Making it in Unreal: Billie Bust Up and the elusive ‘feel’ of 3D platforming

Making it in Unreal: Billie Bust Up and the elusive ‘feel’ of 3D platforming

Banjo-Kazooie. Ratchet & Clank. Jak and Daxter. Yooka-Laylee. You can be taught lots about 3D platformers by trying on the symbiotic beings at their head. In every of those games, the intertwining of two characters is made to look not like a ragdoll catastrophe however essentially the most pure factor on this planet.
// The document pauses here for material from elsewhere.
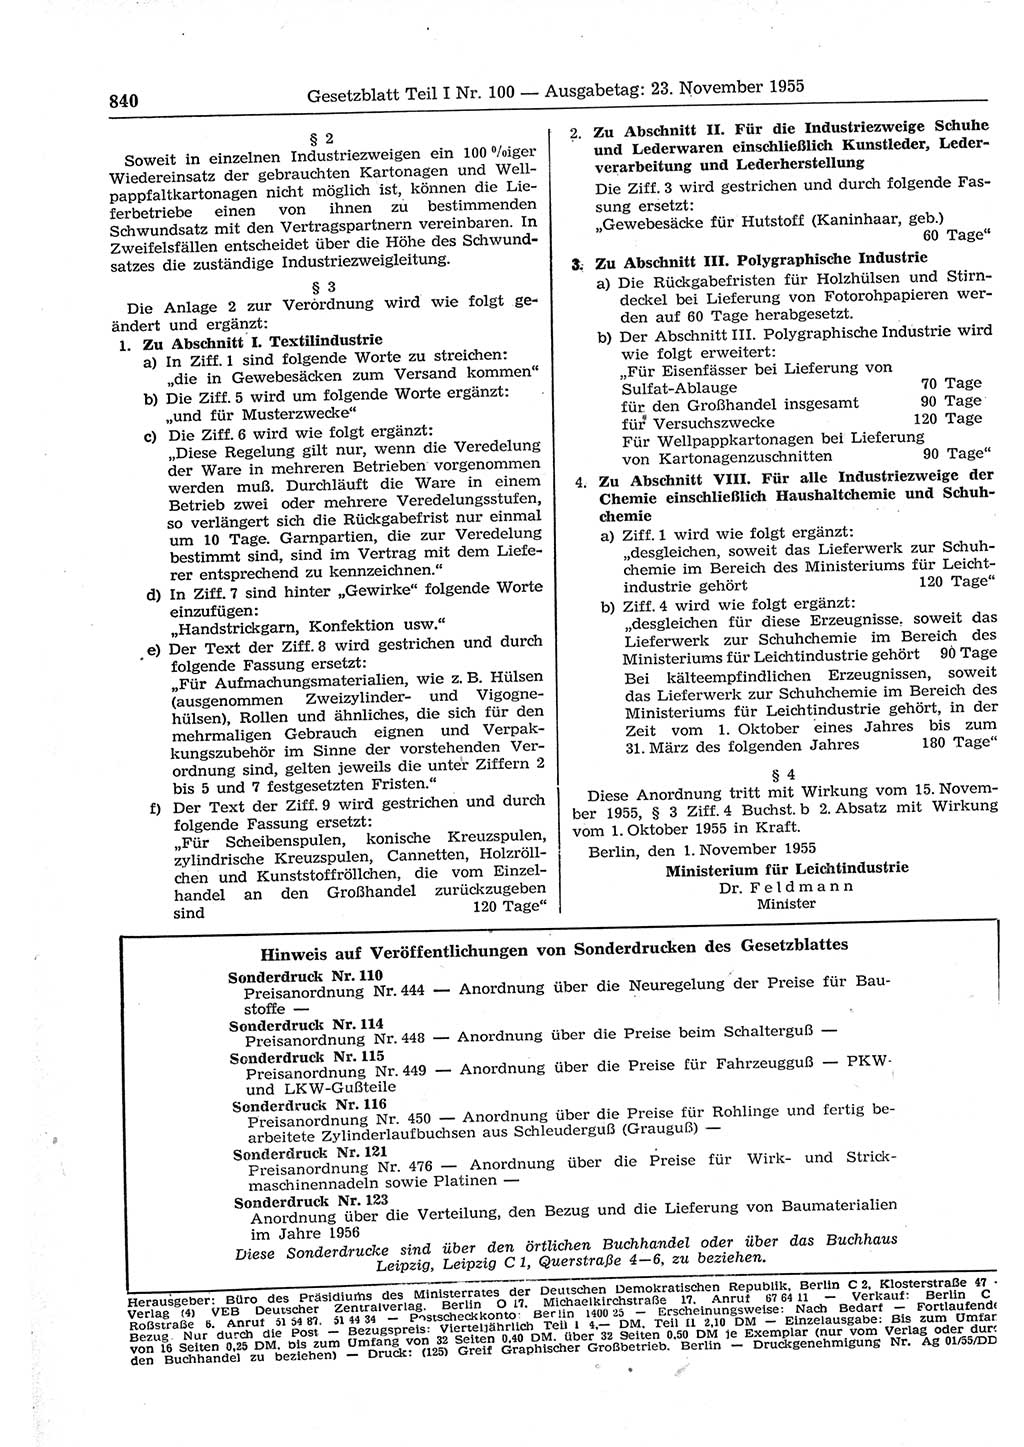 Gesetzblatt (GBl.) der Deutschen Demokratischen Republik (DDR) Teil Ⅰ 1955, Seite 840 (GBl. DDR Ⅰ 1955, S. 840)

The gold commonplace for the style is to make the complicated look easy – a massively intimidating prospect for any trade newcomers hoping to mimic their favourites.

That hasn’t delay the crew behind Billie Bust Up, who moved on from the Unreal Development Kit they used as college students to Unreal Engine 4, the identical instrument utilized by lots of their big-budget friends. Since then, they’ve utilized the teachings of the programmers and animators who got here earlier than them in pursuit of that tough finish aim – the sense of freedom that defines the 3D platformer.

There are genres in which you’ll be able to forgive a sure clunkiness. In the last decade after 3D turned the usual, RPG followers got here to simply accept that real-time fight was not the forte of their favoured subject.

But within the 3D platformer, there’s no room for that type of forgiveness – the game lives or dies primarily based totally on how good it feels. Mario 64 is in regards to the pleasure of motion, and if Mario himself was no pleasure to manage it’d be about nothing in any respect.

The elusive ‘feel’

To start work on Billie Bust Up, the crew caught its interlinked goat and fox in a clean room – including mechanics one after the opposite, and designing platforms solely as soon as every elementary aspect felt proper.

“I think the tricky thing was trying to get the mechanics down because for a 3D platformer you want the game to be responsive and easy to control,” lead programmer James Thomas tells us. “We wanted it to be extremely fun to play. But one of the things we were aiming for was for the game to be fun in an empty level. We do have some bugs in this and we’re still in the prototype phase, but if you can have fun just moving around and jumping and that’s good, then we can introduce the mechanics.”

If you’ll be able to have enjoyable simply shifting round an empty room, then we will introduce the mechanics

James Thomas

Lead programmer

Adding to the game piece by piece has made it simpler to establish issues. The crew seen that including sure mechanics to the game instantly made it much less enjoyable and resolved to iterate on them early. The means to change between Billie and Oscar, for example, required a few days’ tuning. What’s extra, the choice to provide the characters an umbrella they might use to float throughout gaps briefly broke the game – the instrument merely carried gamers too far, till the crew launched a drop-off impact.

Early playtesting, too, has undoubtedly helped spotlight a few of these hiccups that hampered the ‘feel’ of Billie Bust Up. Backers of the Billie Bust Up Patreon get to check the game early, and the crew get suggestions on “what feels good, what could be different, and what needs more work.”

“We just iterate,” Thomas says. “But the benefit of Unreal Engine 4 is that you can iterate really fast. We’ve already made three builds today, this morning [while showing the game at EGX], based on some bugs we ran into, and I’ll probably do a new build tonight.”

Invisible Oscar

Inspired partially by Portal 2, the crew is stuffing the game with puzzles by which you make use of each characters concurrently. One mechanic permits fox sidekick Oscar to dig underneath obstacles like gates, disappearing beneath the earth for just a few seconds.

“Before he could just dig on the spot in this one hole,” Thomas says. “But we thought that was boring, so we had the idea that you could dig a hole somewhere, using connected tunnels to teleport from one spot to the other. We decided that would make it fun to control.”

It’s definitely an evocative thought – helped by an animation flourish that sees Oscar’s place marked by the dust above his head. But it’s additionally an phantasm.

“With programming it’s all about smoke and mirrors,” Thomas says. “The player would probably think that we make Oscar go underground, but actually we play an animation that makes it look like he’s going underground but then makes him invisible and removes his collision on certain meshes.”

The result’s a cartoon success – a lot of what goes on in Billie Bust Up isn’t lifelike, and even taking place the best way it seems to on-screen. But it feels proper, and that’s what made triumphs of the 3D platformers earlier than it.

Billie Bust Up is on Patreon. Unreal Engine Four improvement is now free.

In this sponsored sequence, we’re how game builders are making the most of Unreal Engine Four to create a brand new era of PC games. With because of Epic Games and the Billie Bust Up crew.